1. Field of the Invention

The present invention relates generally to signal switching systems, methods and apparatuses and more specifically to a signal switching systems, methods, and apparatuses for mitigating unwanted signals.

2. Background

The invention described herein generally relates to the field of signal processing with particular applications to the specialized field of audio signal processing as it is used in the production of music. Specifically, this invention relates to a class of component devices comprising a signal processing system for use by practitioners of the field of signal processing.

In many applications for signal processing, there can be two classes of signals; desired signals and unwanted signals. In these applications, the objective is often to separate these two classes of signals towards the ultimate goal of isolating and recovering the desired signals. In some signal processing applications, a plurality of signal processing devices can be configured into the signal path of the signal processing system. The act of enabling or disabling these signal processing devices during the production of a signal will often introduce unwanted signals known as switching transients. Switching transients are one sub-class of unwanted signal that can result from the signal processing activity, itself. Avoiding the introduction of these switching transients is often desirable.

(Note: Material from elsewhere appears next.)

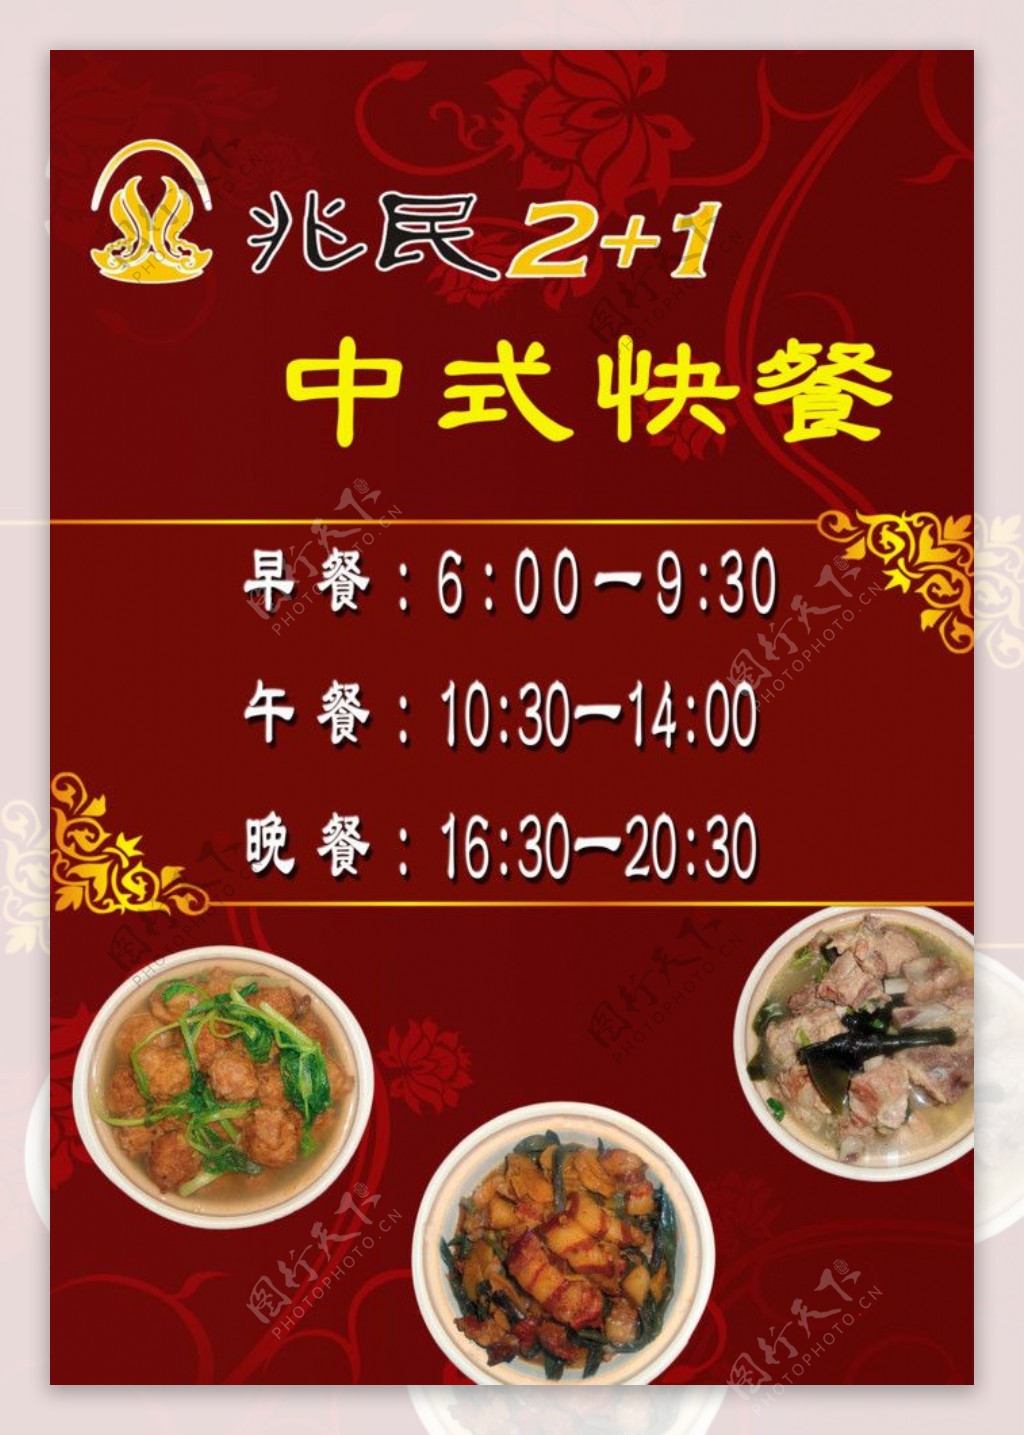 中式快餐活动海报图片
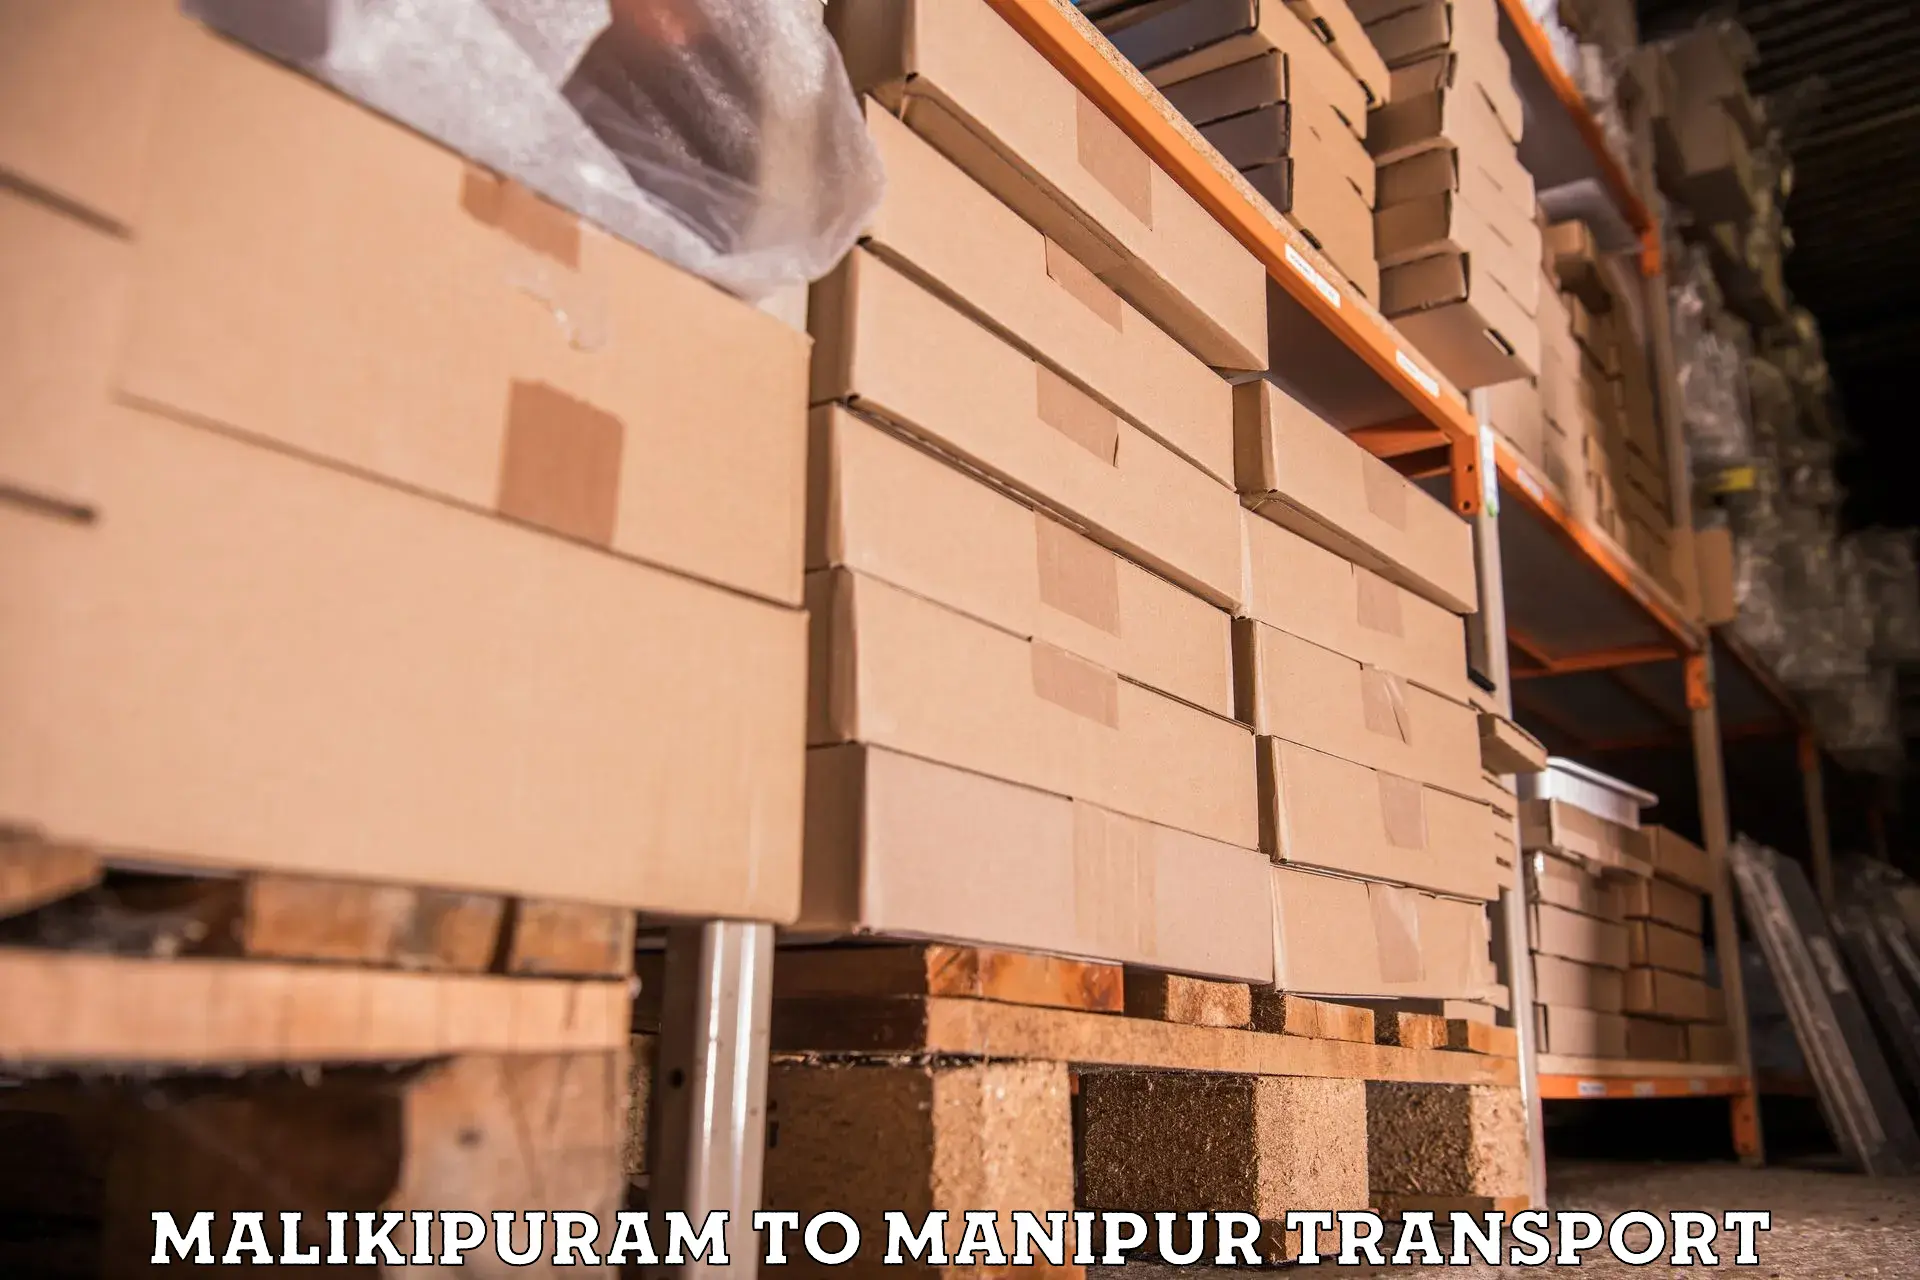 Transport services Malikipuram to Manipur

This issue is particularly acute in the creation of audio signals in the production music. Musicians, artists, producers, technicians and others often use signal processing devices to alter the audio signals as they are created. These signal processing devices comprise amplifiers, synthesizers, digital effects generators, dynamic effects, filter effects, modulation effects, distortion effects, pitch/frequency effects, time based effects, feed back/sustain effects, etc. Creators of audio signals often cascade a finite number of signal processing devices together in series and/or parallel combinations and then activate these devices individually or in combination to create a desired sound.

While creating such desired sounds, these signal processing devices can be engaged and disengaged in arbitrary combinations at random times. The action of engaging and disengaging these signal processing devices can result in undesirable sounds known as switching transients that manifest as pops, static bursts, squeals, clicks, thumps, etc. These switching transients are not wanted, can ruin the desired effect, and are very difficult to remove once they are introduced into the audio signal.

What is needed is a “silent” true bypass system, apparatus and method, adapted and configured to minimize, reduce and/or suppress transient signals in the output resulting from switching from a first signal path to a second signal path.

BRIEF DESCRIPTION OF THE DRAWINGS

FIG. 1 depicts a high-level overview diagram of one embodiment of a signal processing device comprising a bypass switching system.

FIG. 2 depicts a detailed diagram of the bypass switching system.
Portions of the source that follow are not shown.